Guttural Response - I'm not trying to make the deck anti-blue at the moment. The few anti-blue cards I have like Dosan and City of Solitude not only stop blue, but more importantly spot removal on my turn. Moreover it's only for instant spells. I would run Ricochet Trap prior to this as it is more flexible and still stops blue for the same cost.
Craterhoof Behemoth - Better in decks that go wide. This deck acts like a sniper, one powerful bullet as opposed to many smaller shots.
Blightsteel Colossus - If I were to add it, I would cut Kozilek, but the draw 4 is super useful and I am not a fan of infect, or else i would add Putrefax as well. Nothing wrong with the strategy, just not my cup of tea. Note I took out Aggravated Assault to ensure this deck is more fair.

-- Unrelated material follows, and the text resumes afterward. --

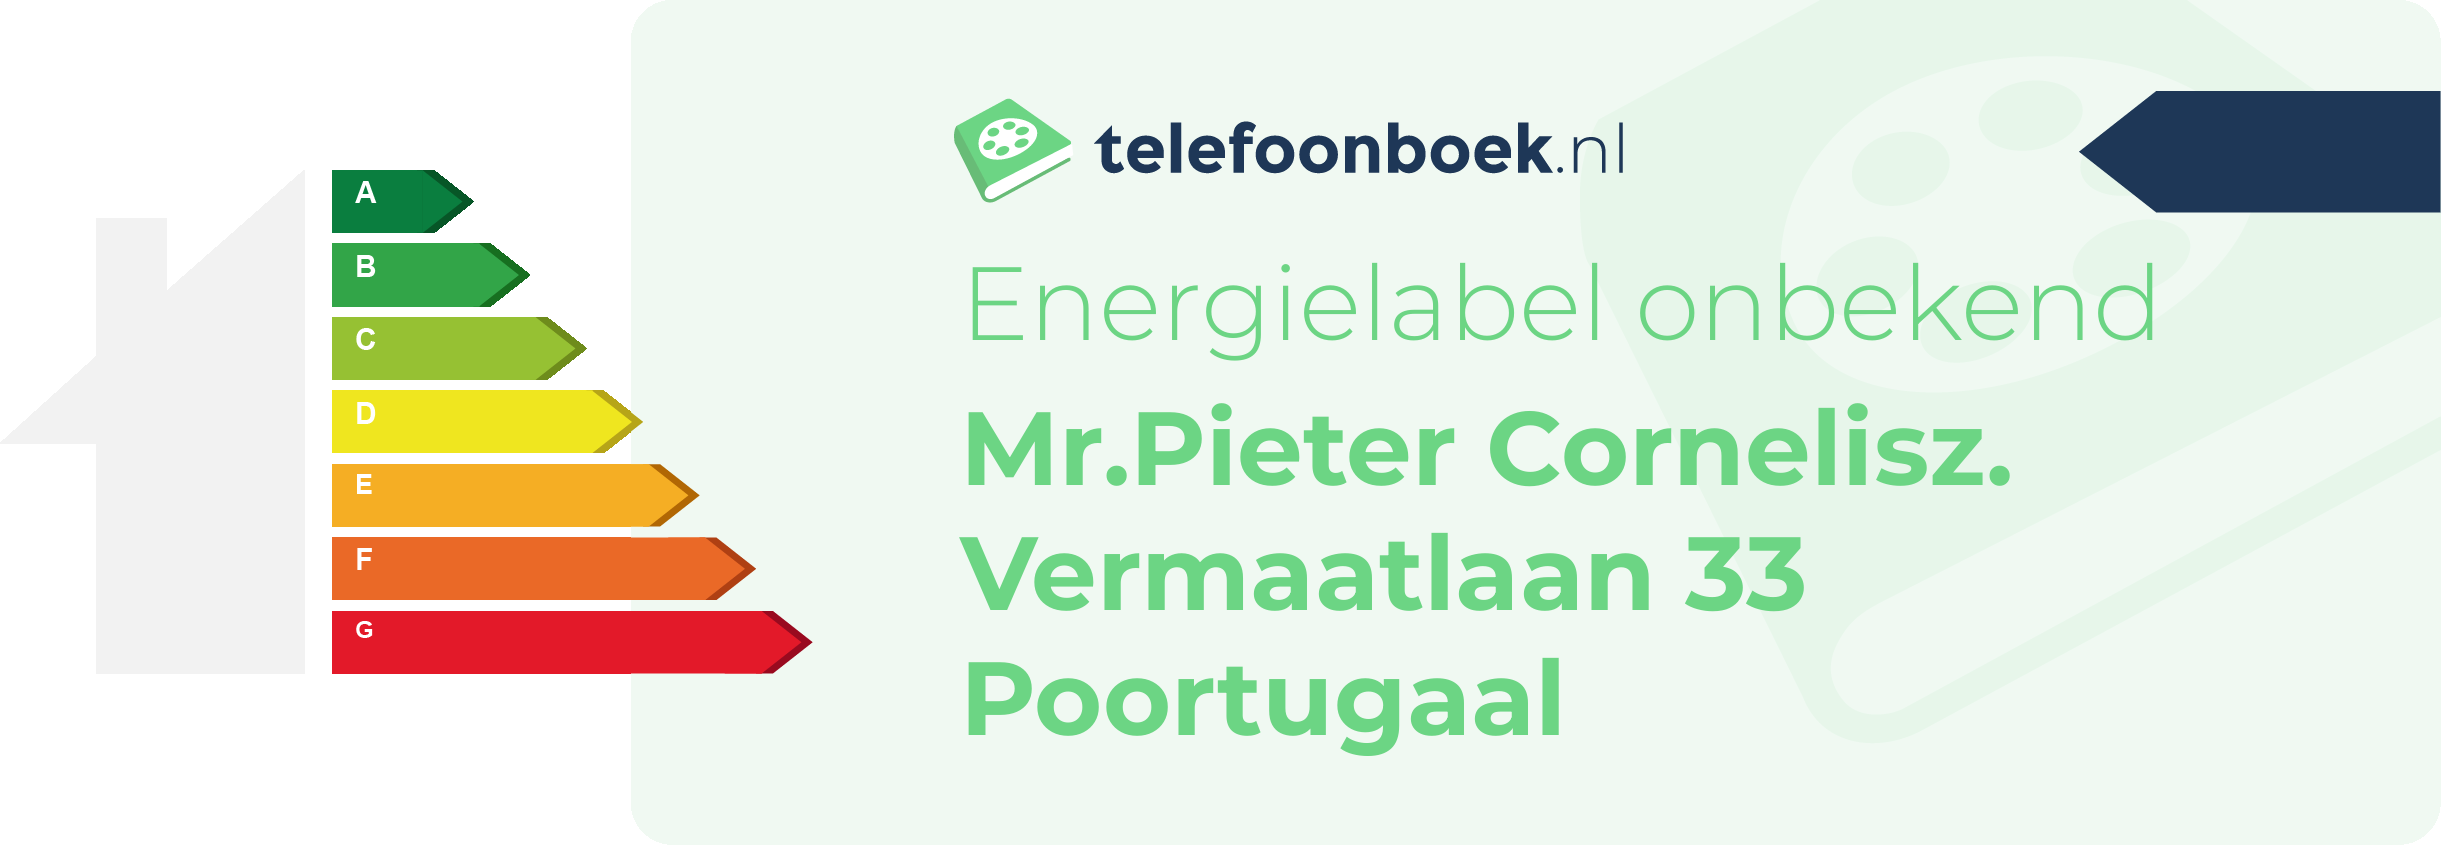 Energielabel Mr.Pieter Cornelisz. Vermaatlaan 33 Poortugaal

Selvala's Stampede - Interesting, very interesting. I'm curious to see how this would play out. Thank you for bringing it to my attention
3 months ago
Guttural Response while yes it is anti-blue, having a straight up counter of your own to answer counter magic is fantastic and blue players do not expect it from the Gruul player. Further you can force them to double down and burn off another counter spell to keep down the play you're going for.
Further this sort of deck begs for Selvala's Stampede which most people will always respond with "Free" so you just wait to cast it until you've got plenty of permanents in hand, which can allow you to build a massive board state.